= Collected material =
···

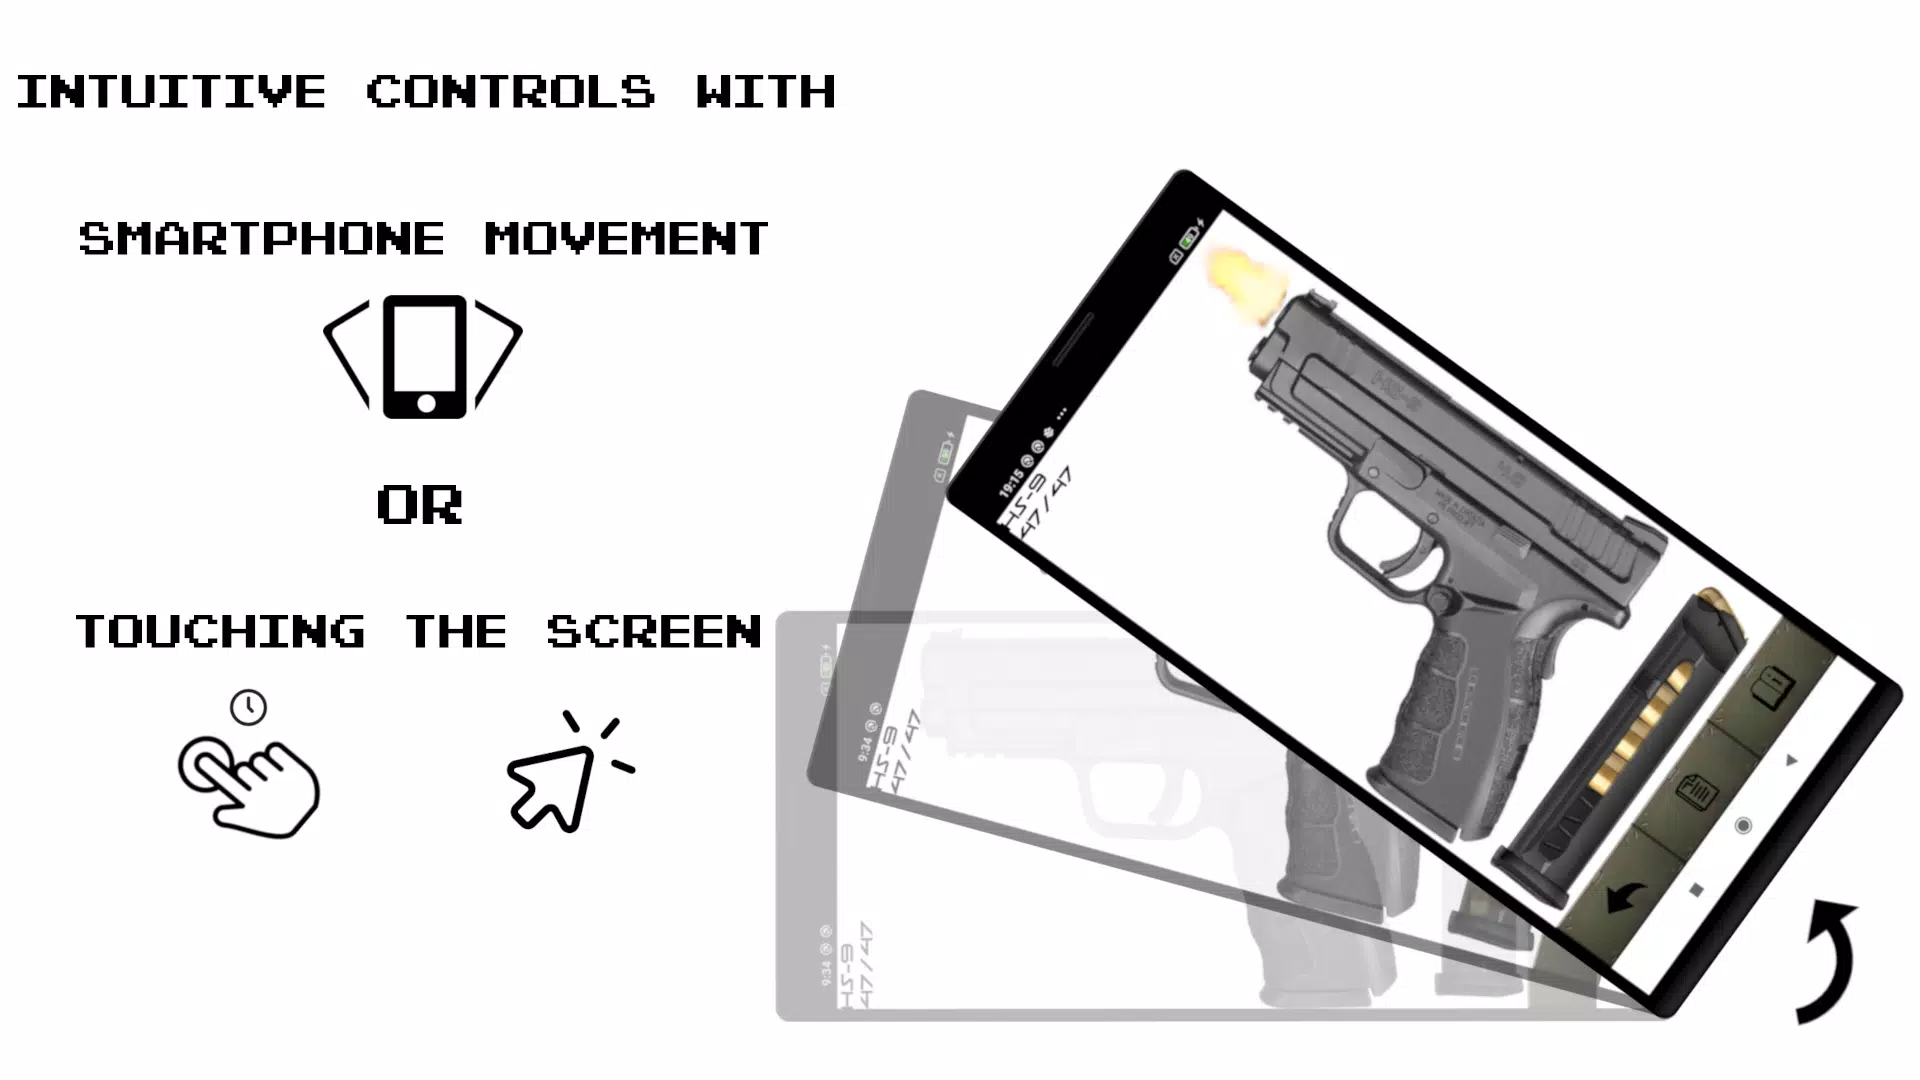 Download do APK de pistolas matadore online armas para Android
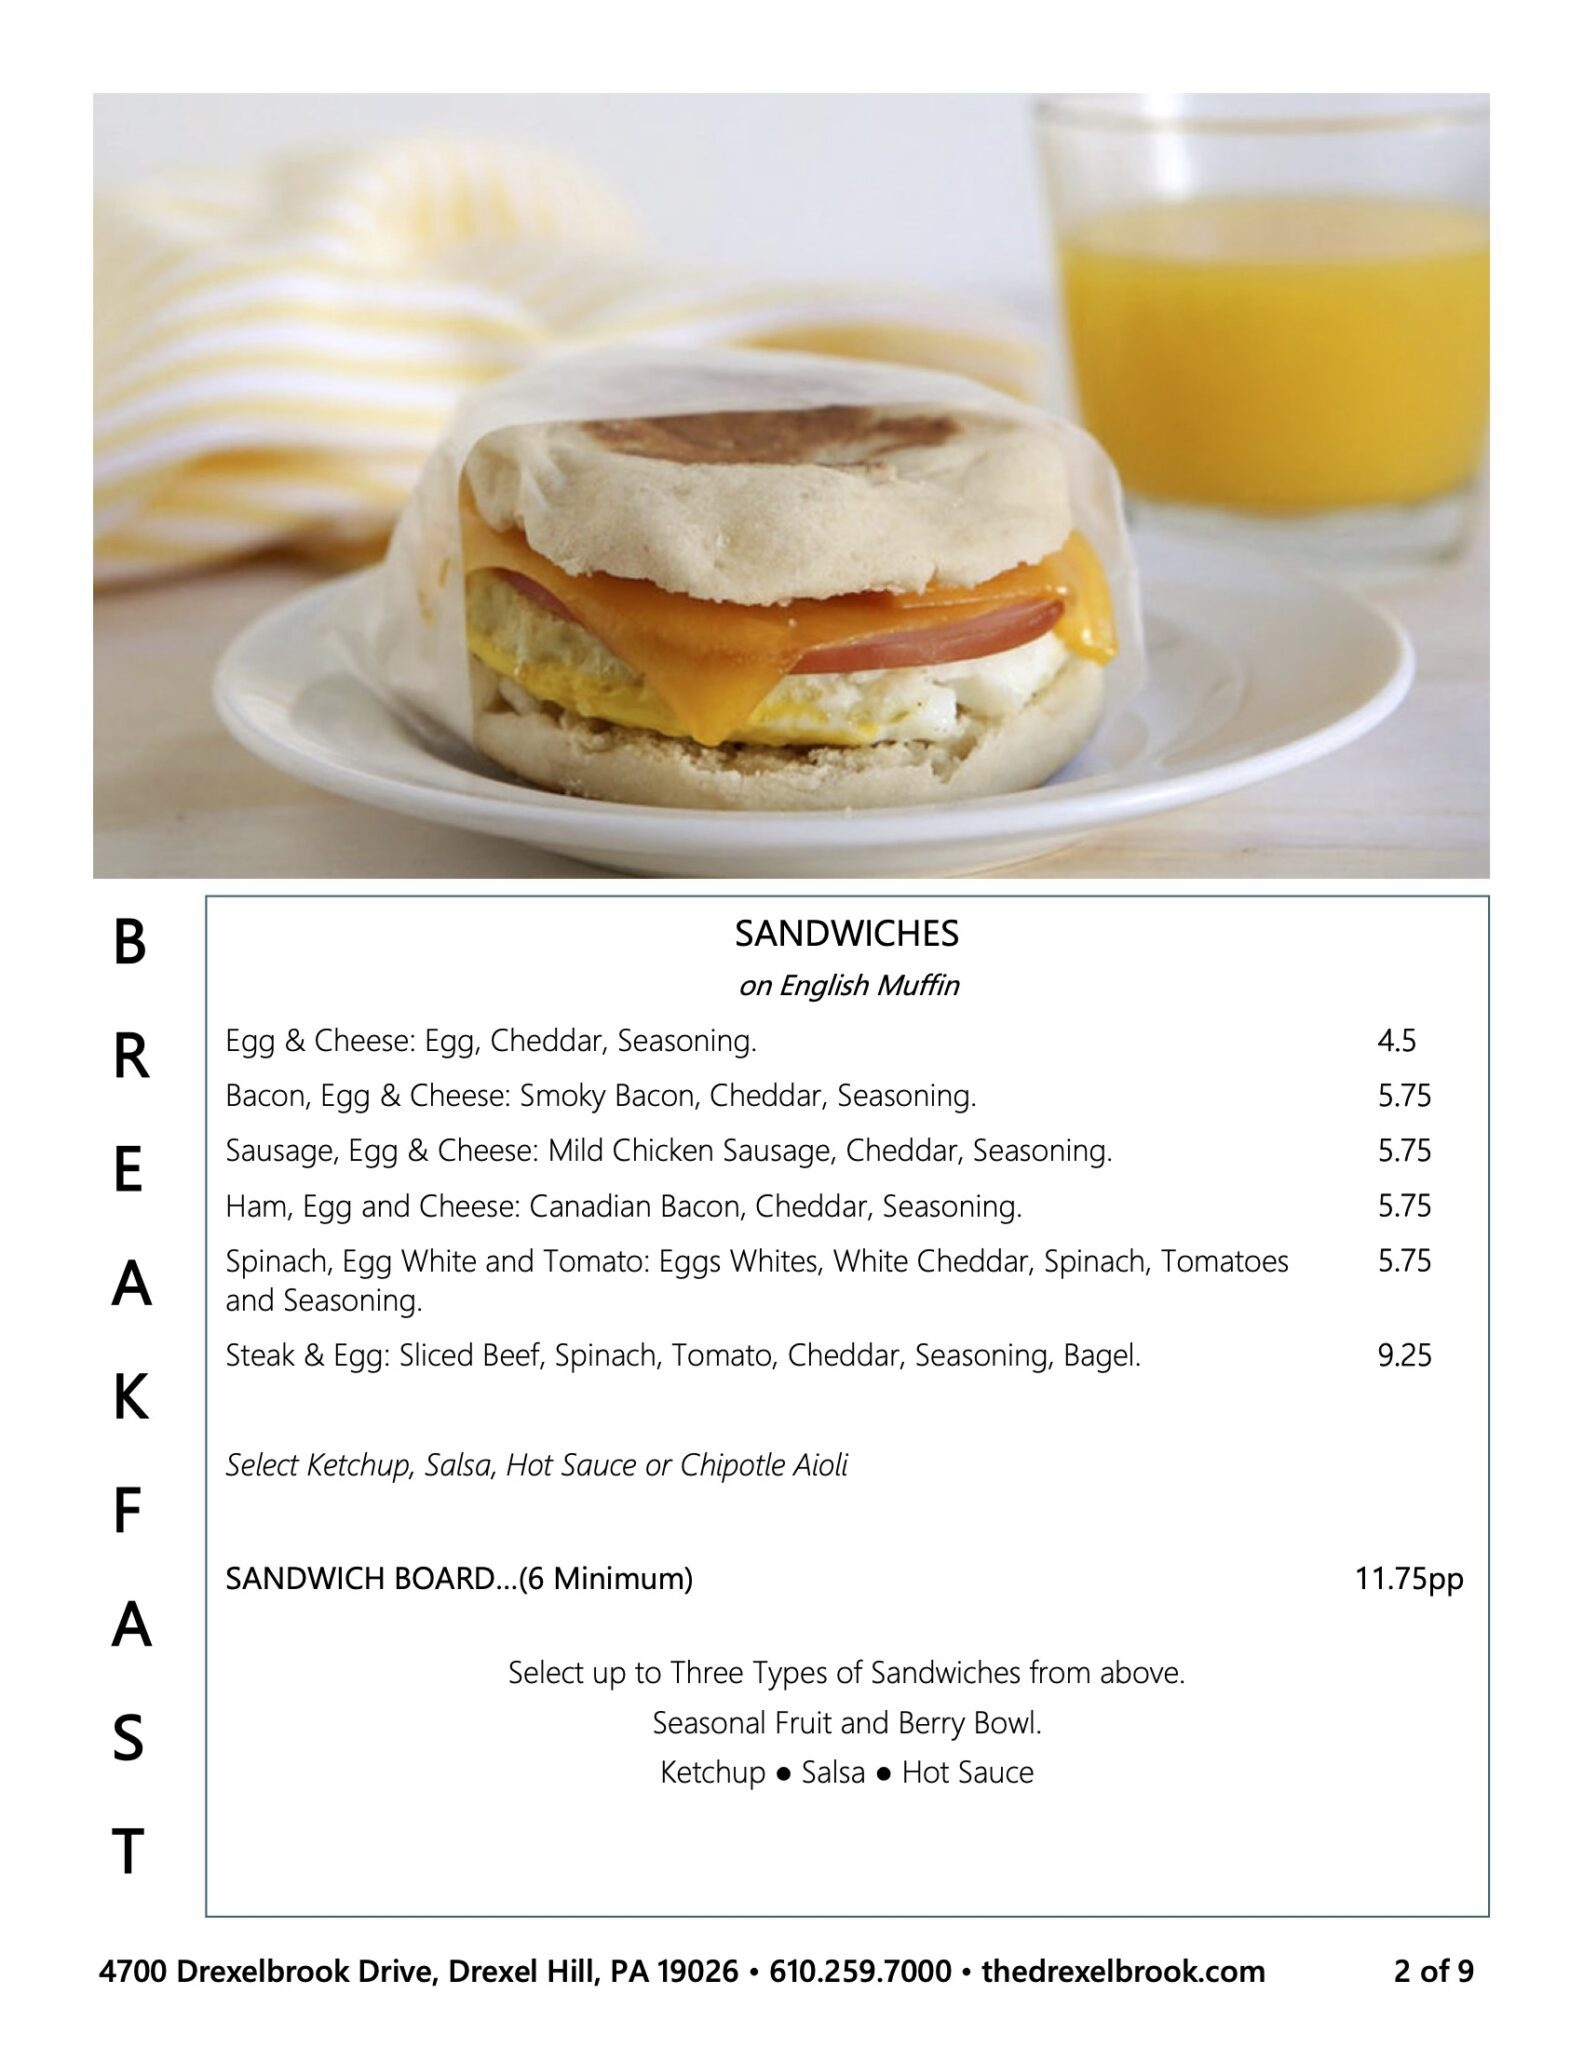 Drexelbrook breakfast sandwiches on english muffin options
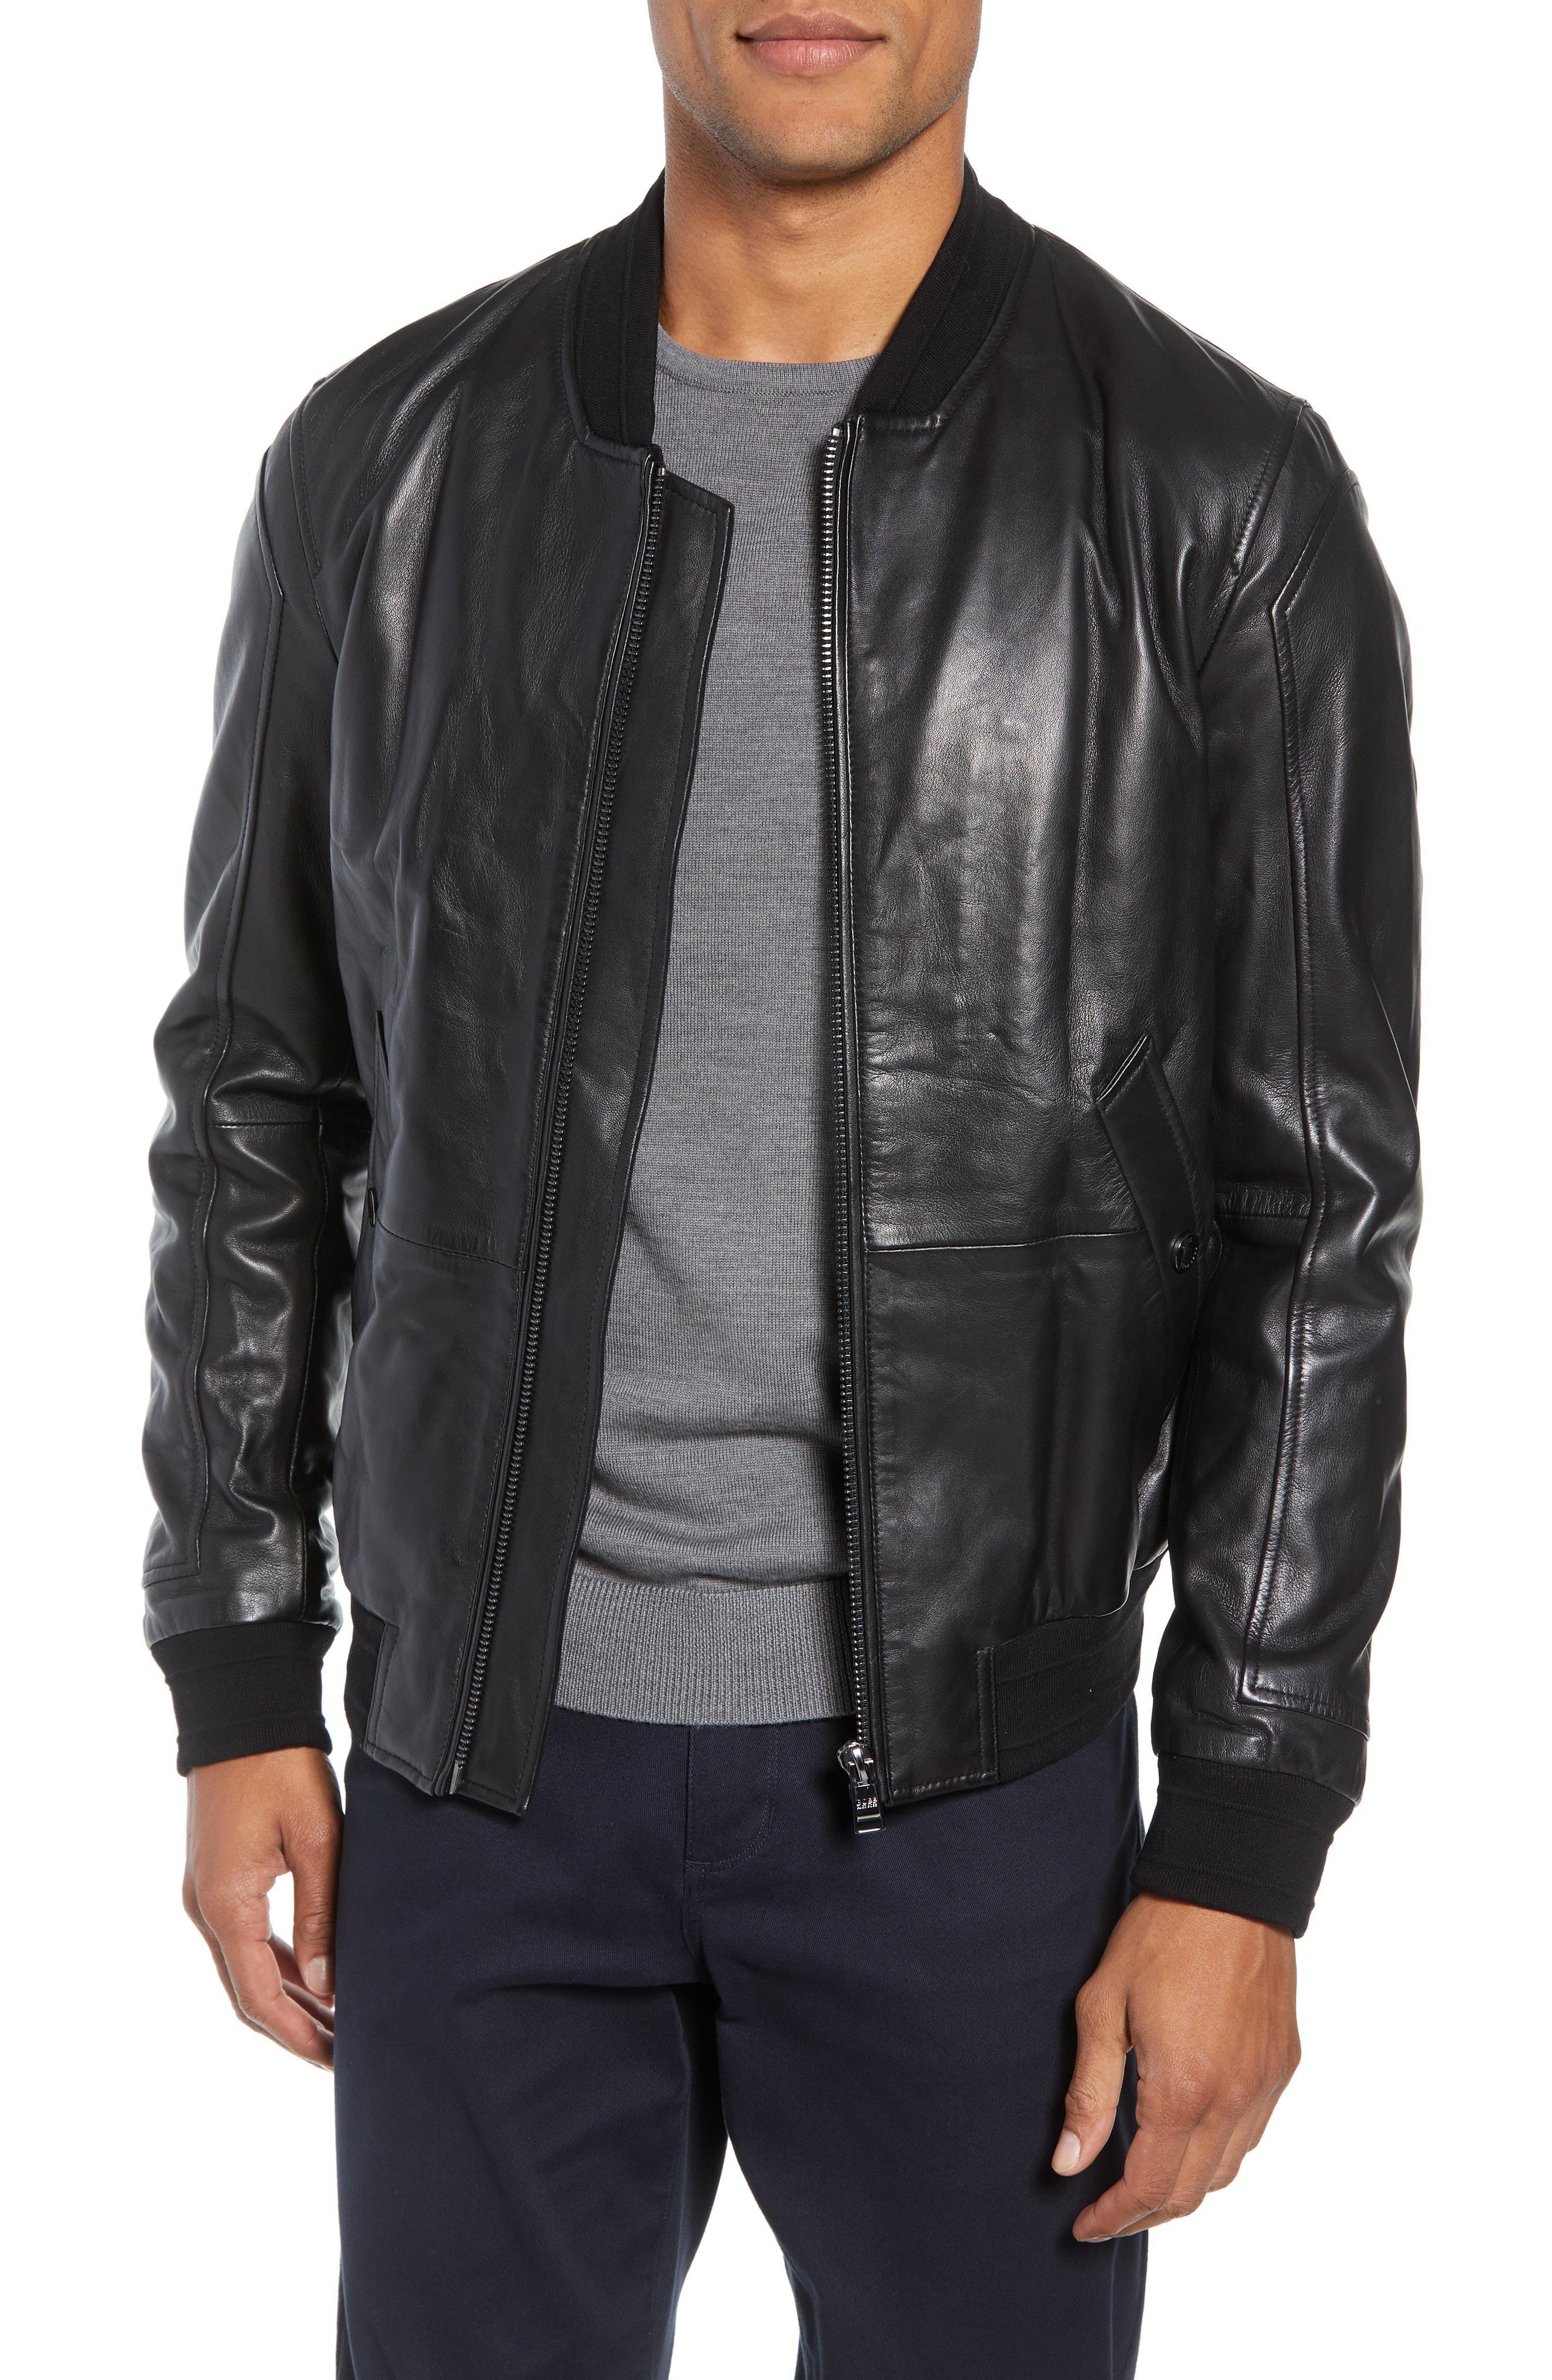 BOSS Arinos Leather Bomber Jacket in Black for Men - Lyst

···

= Action item =
If pictures appear, drop them, and retype exactly the lines from the "Drexelbrook breakfast sandwiches" line through the last line of the data above.

= Answer to this problem =
 Drexelbrook breakfast sandwiches on english muffin options
 BOSS Arinos Leather Bomber Jacket in Black for Men - Lyst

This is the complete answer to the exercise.